The 1947 All-Ireland Senior Football Championship Final was the sixtieth All-Ireland Final and the deciding match of the 1947 All-Ireland Senior Football Championship, an inter-county Gaelic football tournament for the top teams in Ireland. Cavan were captained by John Joe O'Reilly.

Pre-game
For the first and only time, the final was played outside Ireland, at the Polo Grounds in New York City,  to cater for the large Irish-American community there. The New York final was also intended to observe the centenary of the Great Famine that triggered mass Irish emigration to the U.S. and other countries. Around 30,000 people were in the ground for the final. Cavan travelled by air and Kerry by sea; the Cavan team credited their victory partially to their shorter time spent travelling. The Cavan team flew via the Azores, taking 30 hours. Kerry's trip by Ocean Liner took far longer.

Mick Higgins, a key member of the Cavan team that day, recalled in later life: "There was no huge send-off for us in Cavan, but both teams got a good reception in New York when we arrived. I remember the team stayed in the Commodore Hotel, but I stayed with my relatives." He also remembered there was "oppressive heat" during the game itself.

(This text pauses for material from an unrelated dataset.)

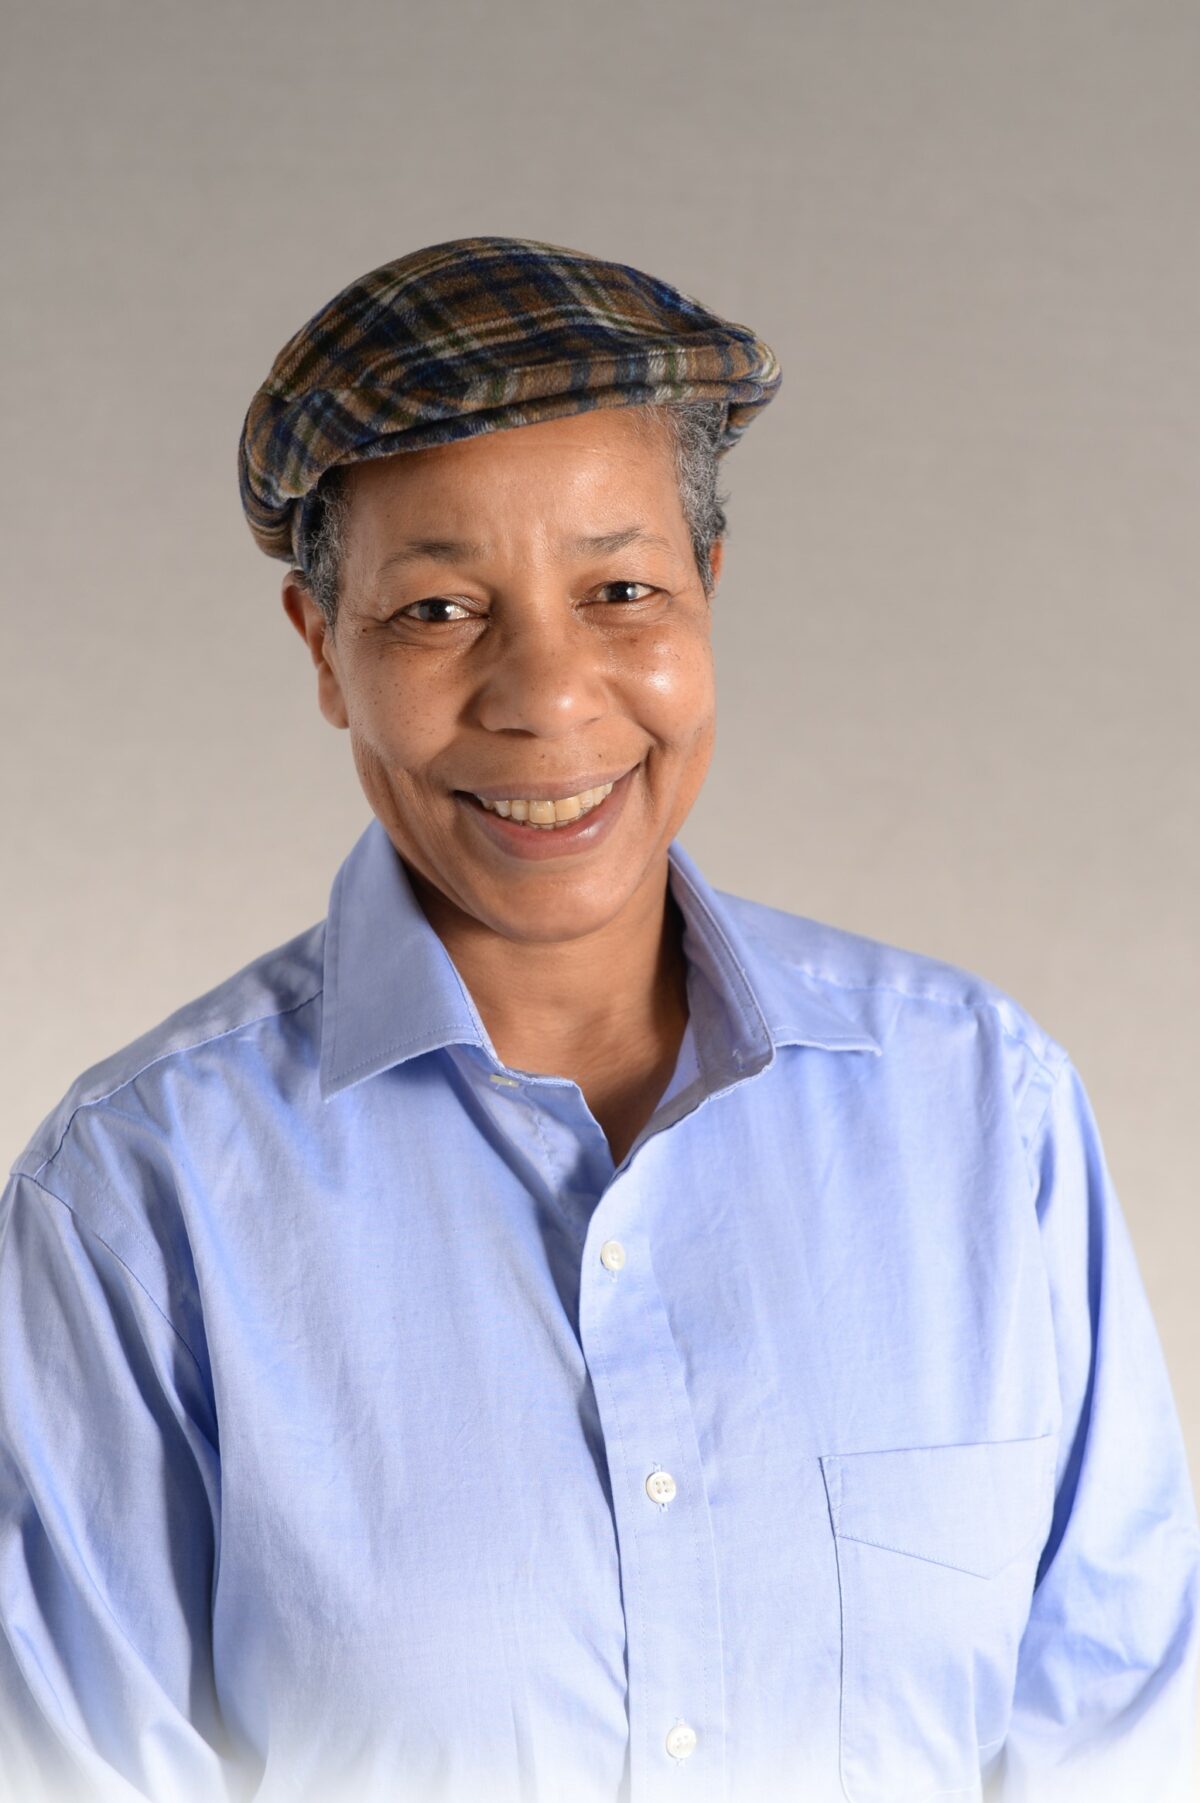 Black woman wearing a blue button-up shirt and a plaid cap.

The Artane Boys' Band travelled to New York to play before the match, as they do traditionally at all All-Ireland finals.

Match

Summary
After a slow start, Cavan fought back to lead 2–5 to 2–4 at the break and went on to win by four points. Peter Donohoe scored eight points from frees and was called "the Babe Ruth of Gaelic football" in the New York press. Michael O'Hehir broadcast radio commentary back across the Atlantic Ocean.

O'Hehir noticed that broadcasting delays would bring the radio link down five minutes before the final had ended. O'Hehir later recalled his plea:'"If there's anybody along the way there listening in, just give us five minutes more, and I kept begging for five minutes more". The link stayed open.

Details

Post-match
The Cavan team returned to Ireland aboard the RMS Queen Mary. Higgins recalled, "It was only after we arrived in Southampton that we realised the joy of it all. Large numbers of Cavan people turned up to see us in London and Birmingham. We were treated like kings in Cavan."

The 1947 All-Ireland final brought about an understanding that a large audience existed for Gaelic games highlights.

Mick Higgins, the last surviving member of the winning team, died in January 2010.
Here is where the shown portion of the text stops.